Tools#
Jupyter Notebooks#
Jupyter Notebooks are a popular tool in the data science community. This is because they offer the ability to mix code and explanatory text. In fact, this entire course book is written as a series of Jupyter Notebooks and Markdown text files. As with any tool, the Jupyter Notebook has some drawbacks; in fact, it is a popular subject for blogs:
Personally, I (Andrew McCluskey) like Notebooks as a place for preparing code and text to be descriptive of the work completed. For example, sharing some analysis with a colleague who is less comfortable with programming or prototyping a solution to a problem before building this into a large piece of code, such as a Python package.
Bristol Only
In the SCIFM0002 unit, you are expected to be comfortable working with Jupyter Notebooks.
How you work with them is up to you: for example, you may want to install the Jupyter application or run your .ipynb
files through VSCode.
Python Environments and Package Management#
The Python ecosystem we will be using is vibrant; having so many packages with such a vast range of functionality can be extremely powerful. However, it comes with drawbacks, specifically around the compatibility of different packages. Therefore, the concept of Python environments has become popular. A Python environment is a sandbox containing a specific set of packages, aiming to ensure package compatibility and reproducibility of experience.

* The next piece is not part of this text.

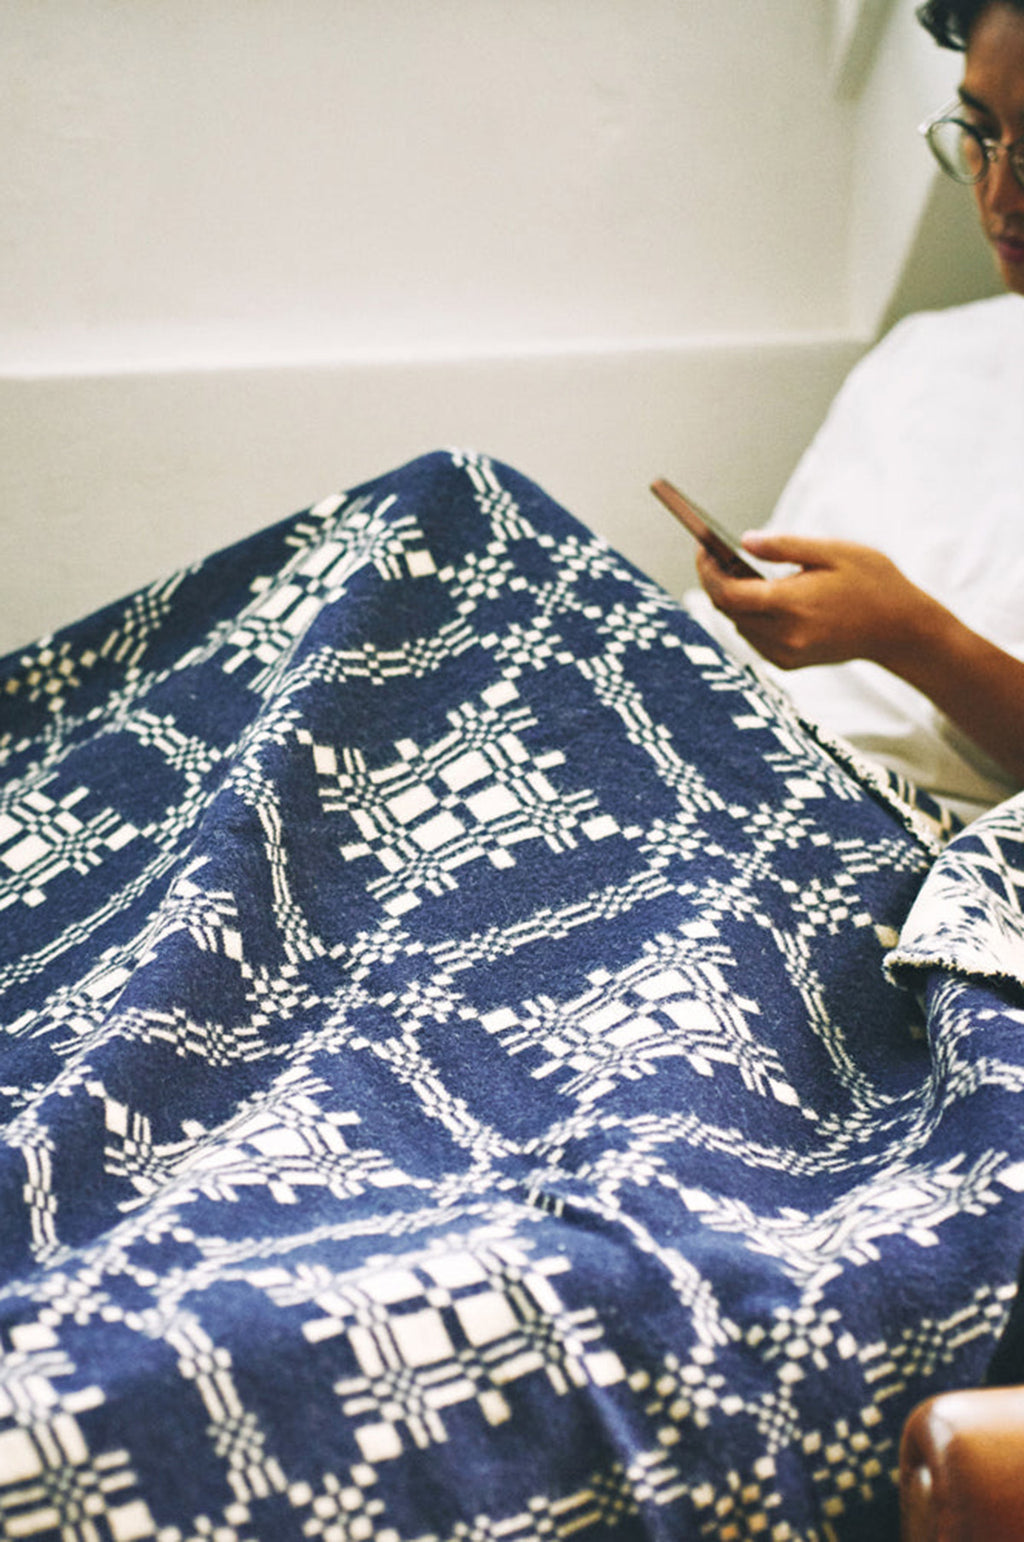 BasShu Wool Blanket in Jacquard Navy and Cream – The Hambledon

There are a few different ways that we can work with Python environments.
Python’s built-in approach uses a tool called venv
.
However, this is limited to using packages distributed through the Python Package Index (PyPI),i.e., with pip
.
A popular alternative is conda
(or mamba
).
conda
and mamba
have the added functionality to be able to install conda packages – conda packages are more flexible than PyPI packages (it is easier to build a conda package with non-Python code included).
Conda Cheatsheet
It can, at times, be hard to remember all the different conda
commands.
Access to a cheatsheet can eb valuable in times like these.
To ensure that you have all of the necessary packages to work effectively with this course book, we provide the following environment file: special-topics.yml. To install this environment, you should install conda or mamba, and then create the environment by downloading the environment file and running the following command in the bash terminal:
conda env create -f special-topics.yml
To activate this conda environment, the following command can be used:
conda activate special-topics
You should be able to access all the necessary packages to work through this course book from this environment. To remove the environment, use the following command:
conda env remove -n special-topics
Bristol Only
Similar to the Jupyter Notebooks, it is expected that you will be able to run within a conda environment. If you are running on Windows, installing this within the Windows Subsystem for Linux (WSL) partition is best. You should work out how to run Jupyter Notebooks from the WSL partition to ensure you are accessing the relevant conda environment. If you have any trouble, speak to the unit director or one of the PhD student demonstrators.